In an earlier article, I introduced you to the DMO Venn Diagram. In this one, we’ll begin applying it to your situation through a series of exercises that address the Lovable Location corner of the chart.
Try not to take the exercises especially seriously… their purpose is to give you a better grasp on the concepts, and to prompt you to ask yourself interesting questions about your work.
The exercises will ask you to use your subjective judgment to separate and filter ideas into sets. At every turn, you will find this challenging because, ultimately, reality is resistant to neat categorization. Ideas may fit better along a spectrum between one thing and another, or they may be both things at the same time. How you handle this is up to you, and the ambiguities can be quite revealing. I encourage you not to overthink any of it and just have fun.
Exercise 1: Itemize the lovable
Just as when we looked at the entire diagram, I think it’s best to begin by enumerating all that is lovable about wherever it is you are marketing. This is a deliberately broad and uplifting exercise. Consider…
everything that makes it special to live in, anything both unique and cool, its je ne sais quoi, those elements one hopes will endure.
Items can be concrete or abstract. Try not to censor or pre-filter whatever bubbles up at this point, and, if time allows, poll as diverse a group as you can muster. Our backgrounds and situations color our experiences of place as much as anything else, and you will likely be surprised by what others find appealing. Transplants will have different perceptions from those that grew up there, parents from non-parents, backpackers from business people, wheelchair users from pedestrians.
The only rule is to hold tight to the concept of lovability as earlier defined. Do not let this become an inventory of stuff that simply exists, and might therefore be lovable in the eyes of a less judgmental higher being. The exercise is necessarily subjective and discriminating – that’s not just OK, it’s the point. These are your personal 5-star picks.
Much that life has to offer is “mid”, 3-star quality and is absolutely fine. There’s nothing wrong with it per se. It just doesn’t belong in this list. What I’m saying is: leave Subway out.
If you like, write all of these things down on post-its.
All of this is an excellent start. Why? Because you’ve identified your differentiators. Destination marketing is awash with cliché. Everyone talks about their fabulous dining scene, and illustrates that message with a video of a chef plating a dish which is whisked away by a smiling waiter to be presented to a smiling couple in their early thirties without children, holding full wine glasses that reflect the golden sunset. Imagery both bland and nauseating – quite an accomplishment. You’re going to sidestep all that with your list!
Four kinds of lovable
So far we think we’ve itemized the elements that belong in this corner of our diagram:

Next we’ll want to determine their position more precisely… to which of these four sections do they belong?
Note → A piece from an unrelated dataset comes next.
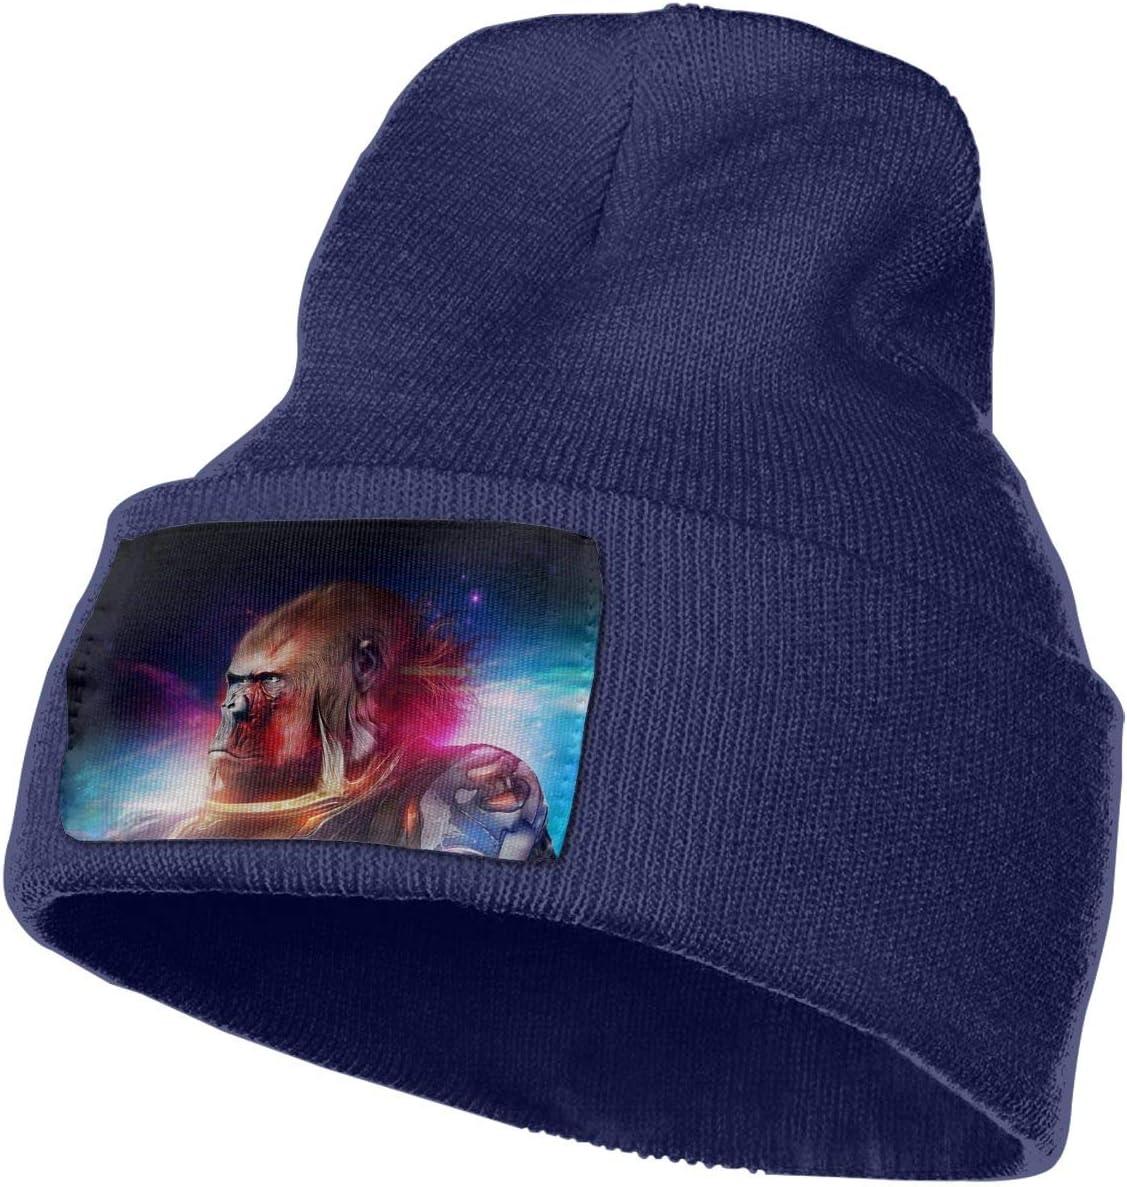 Space Gorilla Men/&Women Warm Winter Knit Plain Beanie Hat Skull Cap Acrylic Knit Cuff Hat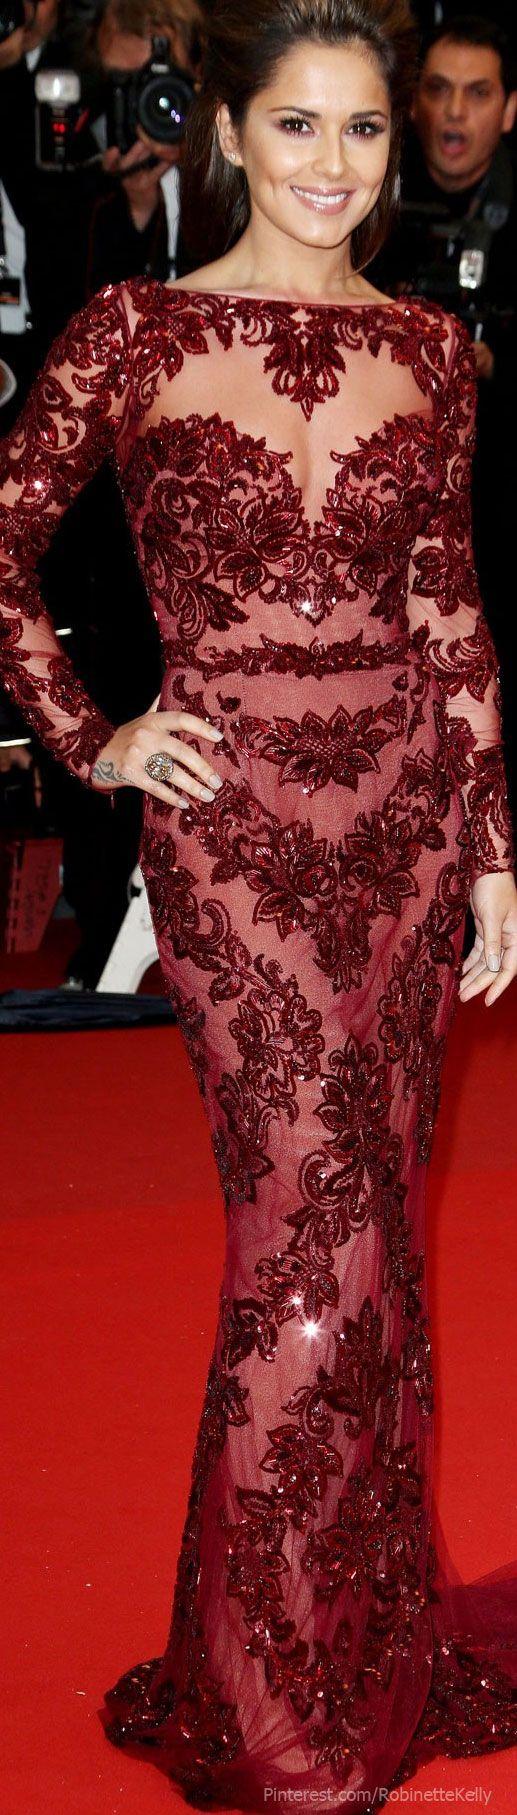 Rosamaria G Frangini   Burgundy Desire    VIPBlackOrchidClub   Cheryl Cole, Zuhair Murad Burgundy* Dress   Cannes Film Festival LBV

This will be helpful, because it will tell us how to position them in our work… Should we be actively promoting them with ad spend, subtly nodding towards them in our photography, splashing them on the cover of our travel guide, or thoughtfully curating their listing among others on a page on our website, or some combination of the above?
All of the elements are lovable, but how ought we to love them, given our mission and limited resources?
To determine our attitude, we will attempt to sort our lovable elements into the four buckets (or intersections) contained within our Lovable Location circle: Support, Recommend, Reflect and Reveal.
Exercise 2: Fame
Step through your list of lovable things and, for each one, ask yourself if it is already a significant tourism draw that is at or near capacity. If so, it belongs in the support bucket. Such locations might need more help from you in terms of regulating traffic than in driving growth. You don’t need to market them, but you will feature them in your marketing because they are the genuine attractions that draw people to – and have a halo effect upon – the destination as a whole. You will advocate for their needs as drivers of the local economy, and you will work in partnership with them to create the best possible visitor experience.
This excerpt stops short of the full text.